Primary vs. secondary diagnosis is a thing of the past.

California’s Department of Healthcare Services (DHCS) has been moving away in recent years from the siloed and separate treatment of mental health and substance use disorders. Overall, nationally, in the behavioral healthcare world, the effort to determine a “primary” diagnosis vs. a “secondary” diagnosis has been de-emphasized and has largely gone away. For example, the DSM-5 no longer uses the phrase “primary diagnosis.” now, “disorders are listed together … without formal differentiation” (APA, 2022, p. 15). There’s a reason for this, and this is particularly relevant in the area of integrated substance use and mental health treatment. Significant research suggested that bidirectional causality is typical. In other words, the research found, mental health symptoms predicted later substance use and substance use predicted later mental health symptoms (Kessler et al., 2005). A recent study found similar evidence for bidirectional association: cannabis-related problems predicted later increases in depressive symptoms and depressive symptoms also predicted later cannabis-related consequences (Halliday, J. et al., 2025). Although California’s DHCS has been moving away from siloed treatment, as suggested by their “No Wrong Door” policy initiative, the distinct mental health and SUD programs and separate Medi-Cal funding streams still persist. I’d like to encourage DHCS to continue to emphasize the need for integrated behavioral healthcare. And even beyond this discussion of integrated mental health and SUD treatment is the equally important dimension of “case management” which often gets segregated into an additional siloed treatment space. Helping to provide linkages to resources for housing, education, vocational pathways, medical care, and so on— could be said to be equally essential and important for people in recovery.

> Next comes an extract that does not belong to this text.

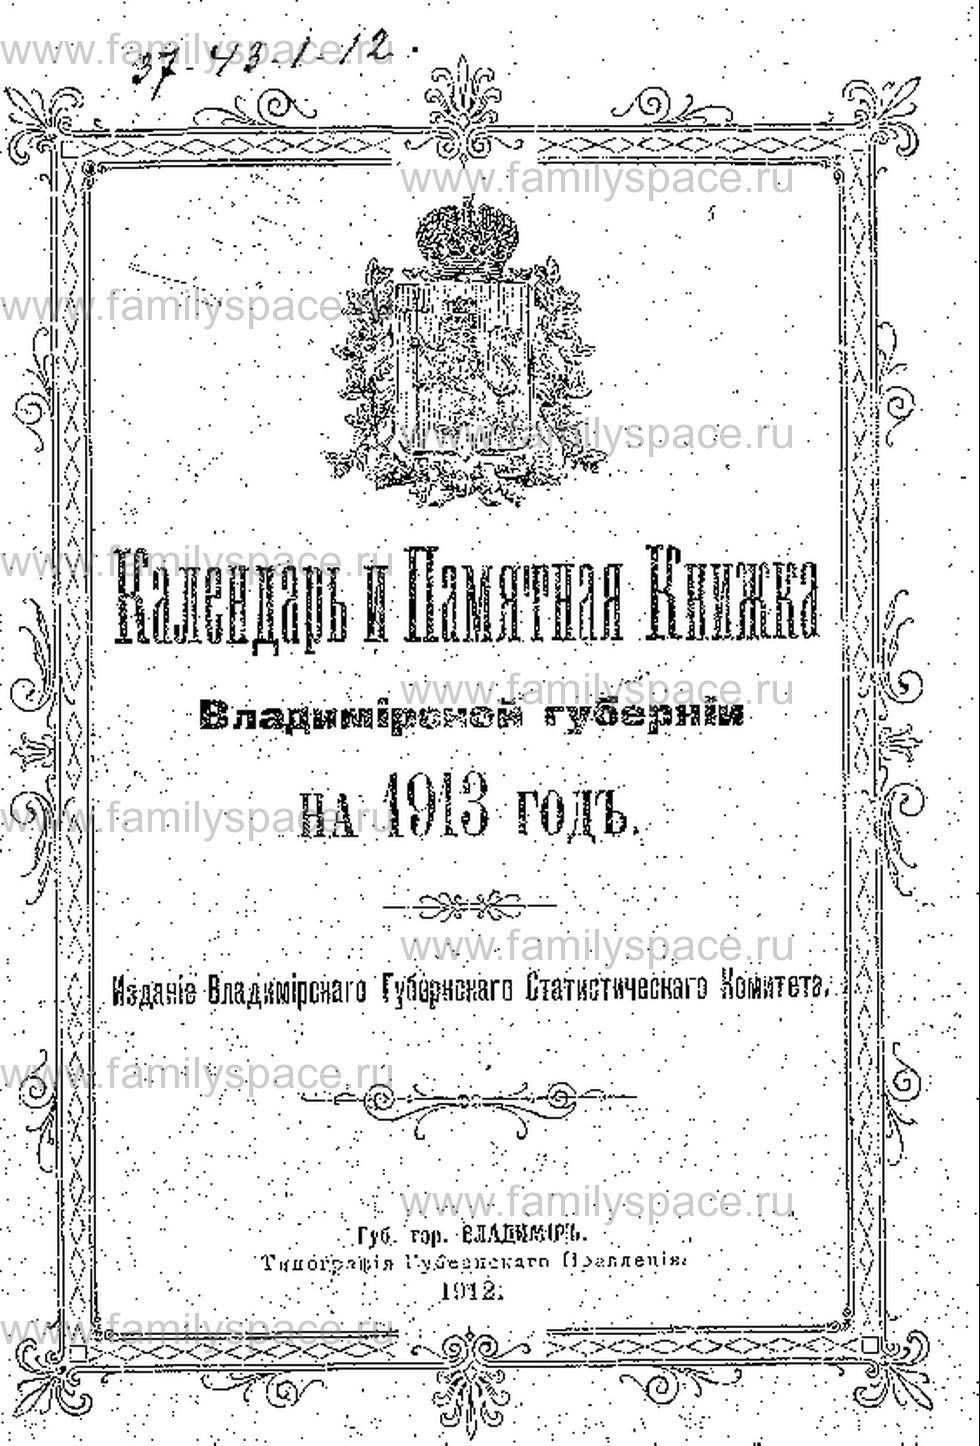 Поиск по фамилии - Календарь и памятная книжка Владимирской губернии на 1913 г, страница 1
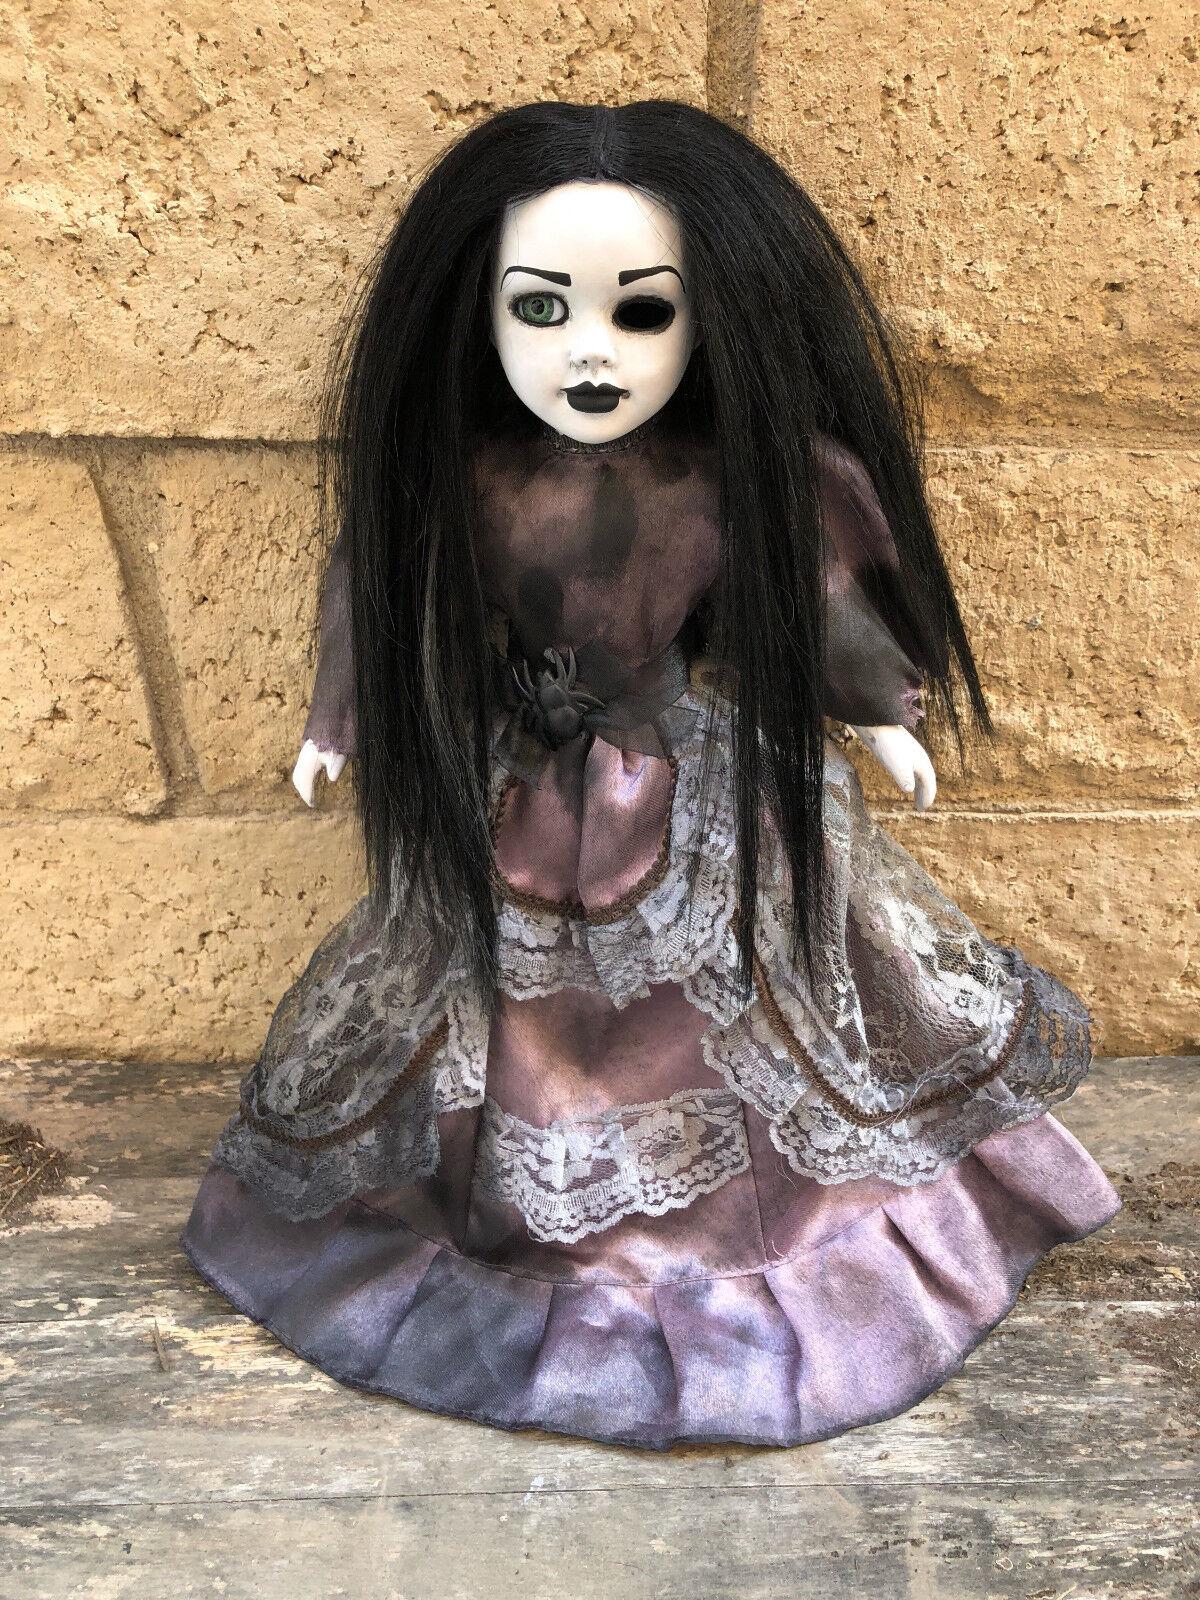 OOAK Sitting Pretty One Eye Creepy Horror Doll Art by Christie Creepydolls

American Psychiatric Association. (2022). Diagnostic and statistical manual of mental disorders (5th ed., text rev.)

Halladay J, Belisario K, McDonald A, et al. (2025). Examining bidirectional associations between cannabis use and internalizing symptoms among high-risk emerging adults: A prospective cohort study. Psychological Medicine. 2025;55:e291.

Kessler, R. C., Berglund, P., Demler, O., Jin, R., Merikangas, K. R., & Walters, E. E. (2005). Lifetime prevalence and age-of-onset distributions of DSM-IV disorders in the National Comorbidity Survey Replication. Archives of General Psychiatry, 62(6), 593–602.